When questioned about selection for redundancy procedures and why Ms. Lefort was selected ahead of others in the Laboratory, the respondent explained that Ms. Lefort did not carry out repair work whereas Mr. L. and Ms. G, who had shorter service, carried out all functions, both manufacturing and repairs. He explained to the Court how he could not trust her to carry out repair work and he had had to watch over her in the past.
Ms. Lefort had arrived ‘out of the blue’ on 10th June 2003 and stated that she was now fit to resume work.
The reason for her return visit after a gap of three days was to ascertain whether there was sufficient work available for her to return to. The respondent had explained on 10th June that he needed to clarify the work situation as things had changed during her absence and a part time employee had filled in for her.
The complainant at this point offered to reduce her hours of work in order to return.
It is common case that on 13th June, the complainant was not reporting for work, but to be informed whether there was sufficient work available for her to return to. While Counsel for the complainant disputes the contention that there was not sufficient work for Ms. Lefort to return to, the Court finds that by virtue of the offer made to work part-time; Ms.
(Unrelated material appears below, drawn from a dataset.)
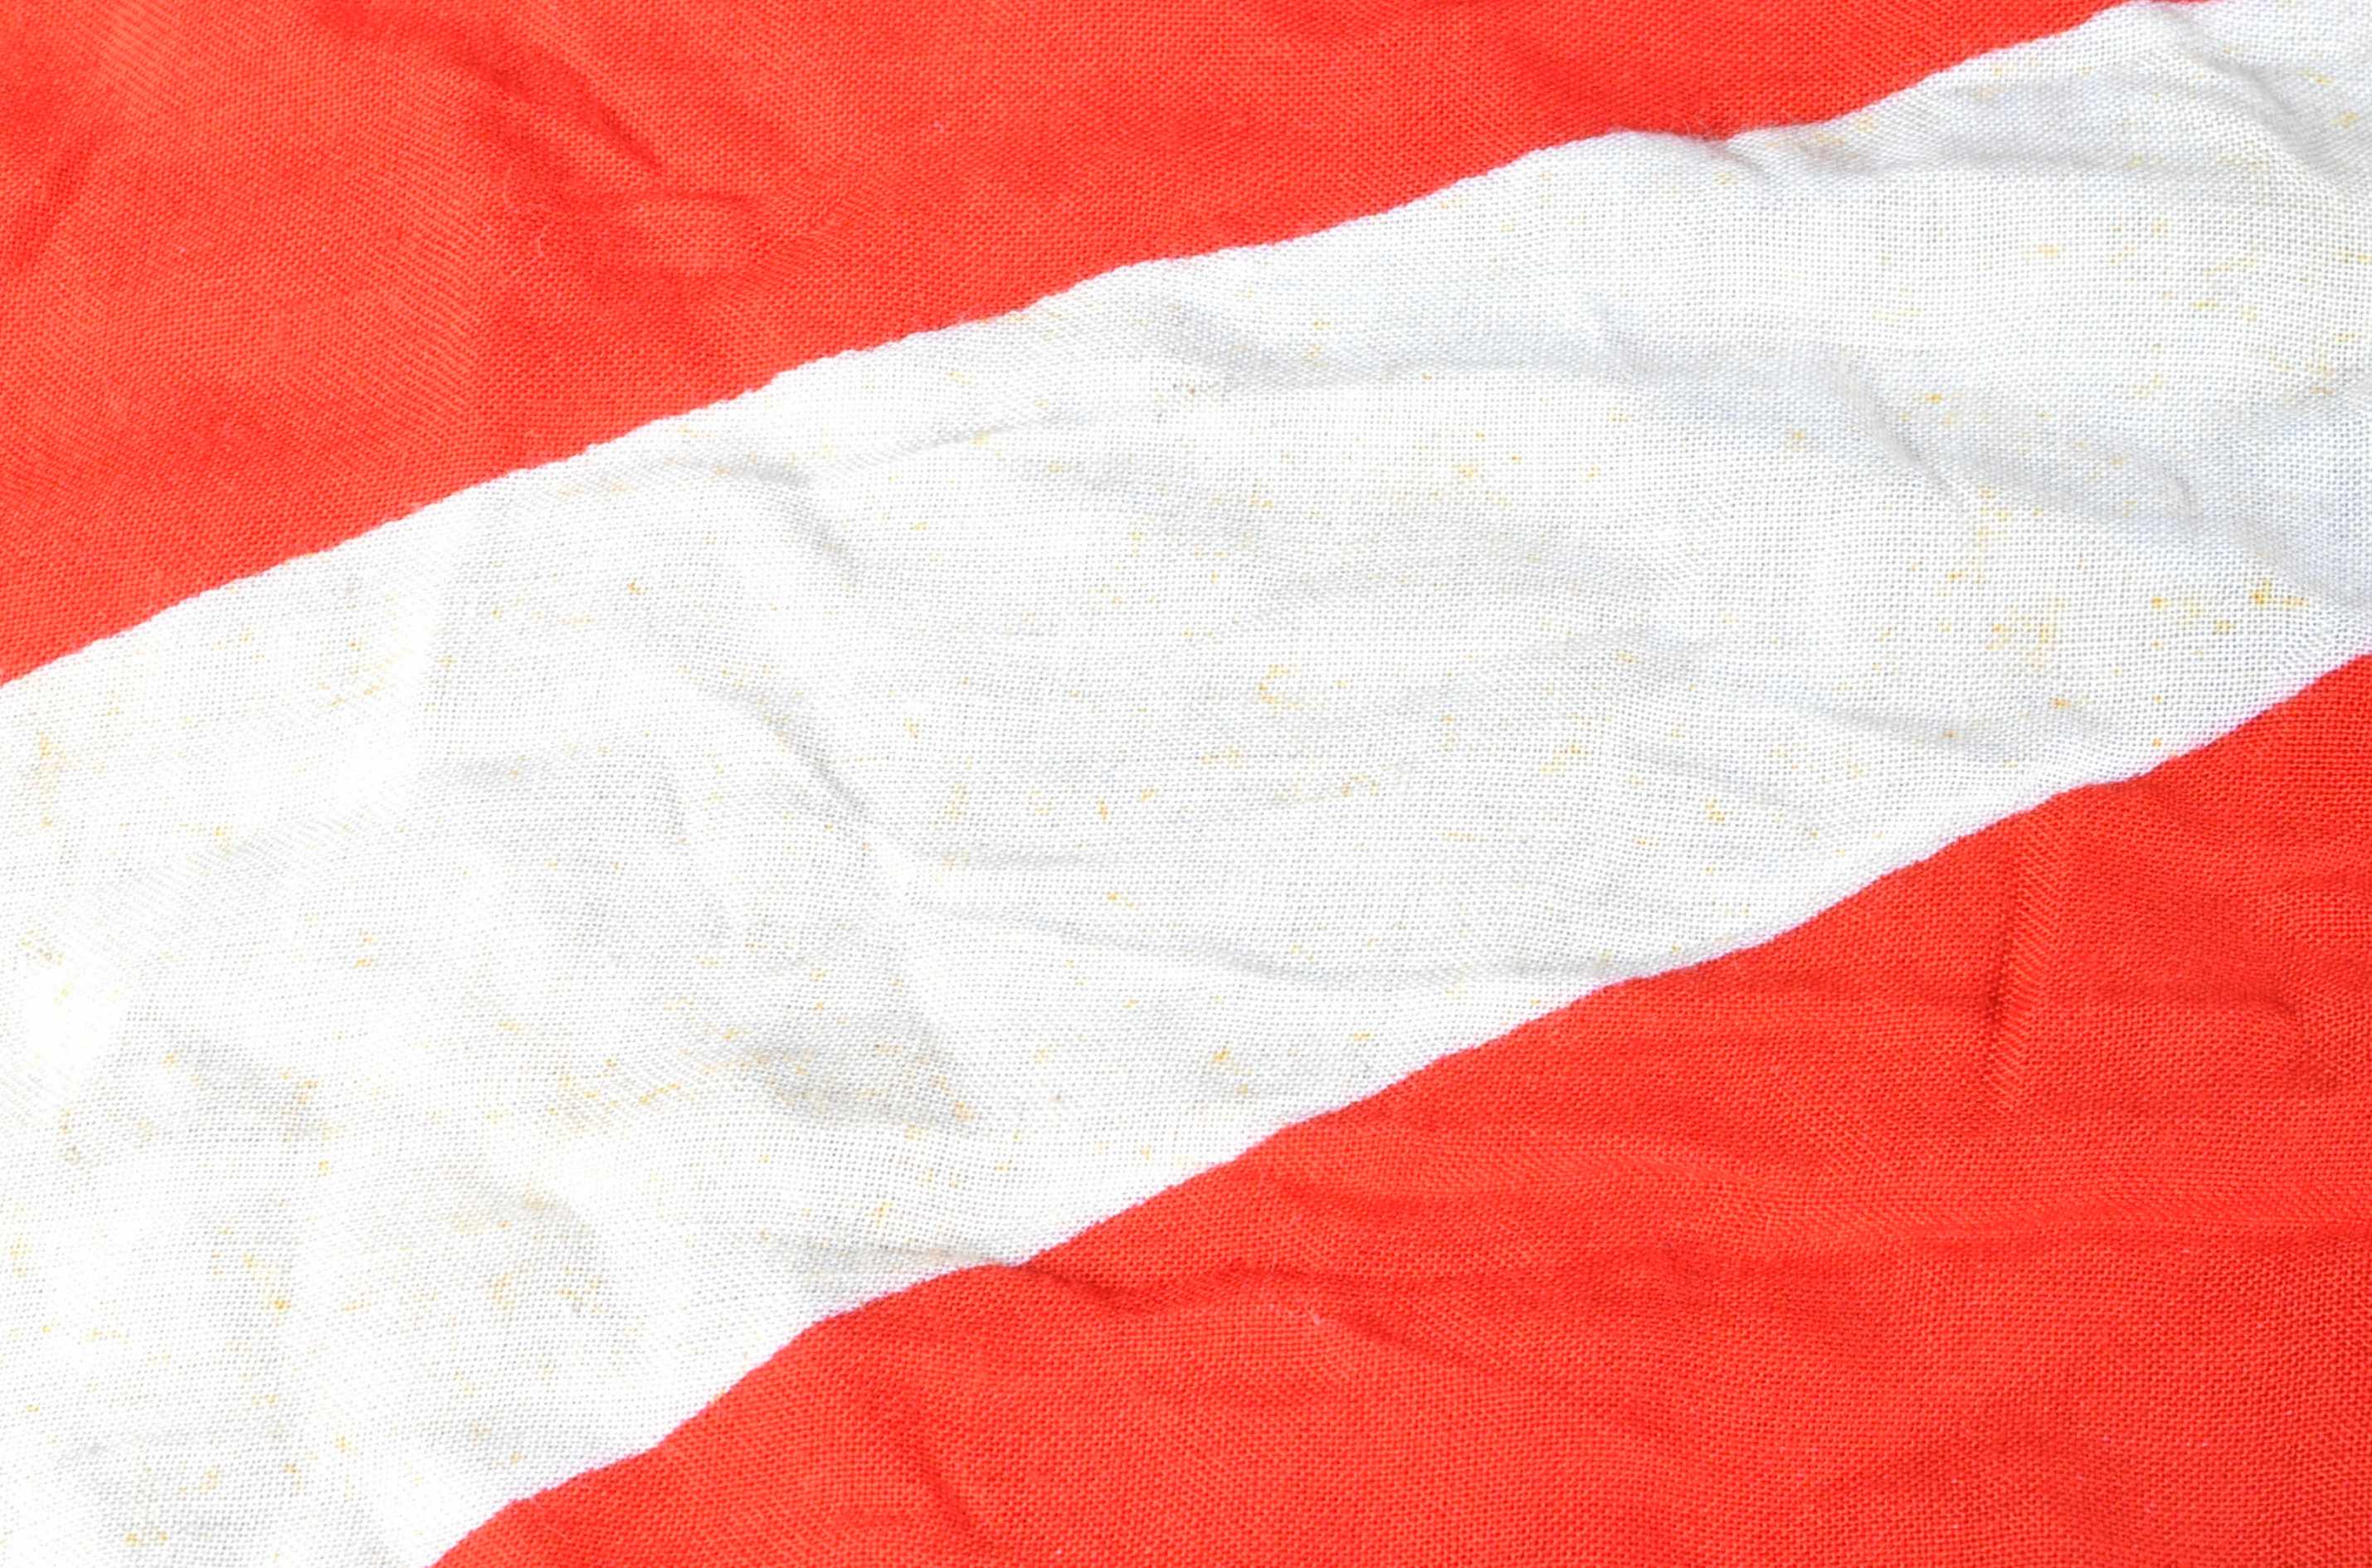 WWII SECOND WORLD WAR PERIOD IMPERIAL JAPANESE FLAG - Image 5 of 7

Lefort was accepting that there was a reduced workload. She was prepared to accommodate and facilitate the situation. On 10th June, Ms. Lefort made no objections to the respondent when he indicated that he needed to speak to Mr. L about his working hours.
The Court is satisfied that the respondent was prepared to renew her work permit in April 2003 when it fell due. It is common case that he brought the matter up with her at the time and that she indicated that she needed to discuss the situation with her doctor first.
In such circumstances, the Court is satisfied that the non-renewal of the work permit on her return to work, was in the context of the reduced workload pertaining at the time. The Court accepts that in such circumstances it is reasonable that the work permit was not renewed and rather than being the basis of the decision, is actually a manifestation or a by-product of that decision.
The Court considers it significant that at no stage during the period April to the end of June 2003 did the complainant raise the issue of discrimination. Following her dismissal Ms. Lefort raised questions about the dismissal and stated that if there was no work then she was entitled to redundancy and if the respondent had no reason for not taking her back then it was grounds for unfair dismissal.
Conclusions
The Court is therefore of the view that the complainant failed to establish facts from which discrimmination might be inferred, that the decision to terminate the complainants employment arose because there was insufficient work for her, and as a result it was decided not to renew her work permit. The Court is of the view that the complainant has failed to establish a prima facie case of discrimmination.
Determination.
It is the determination of the Court that the respondent herein did not discriminate against the complainant on grounds of her nationality.
Accordingly the claim herein must fail.
Signed on behalf of the Labour Court
Caroline Jenkinson
26th May, 2005______________________
AH.Deputy Chairman
NOTE
Enquiries concerning this Determination should be addressed to Andrew Heavey, Court Secretary.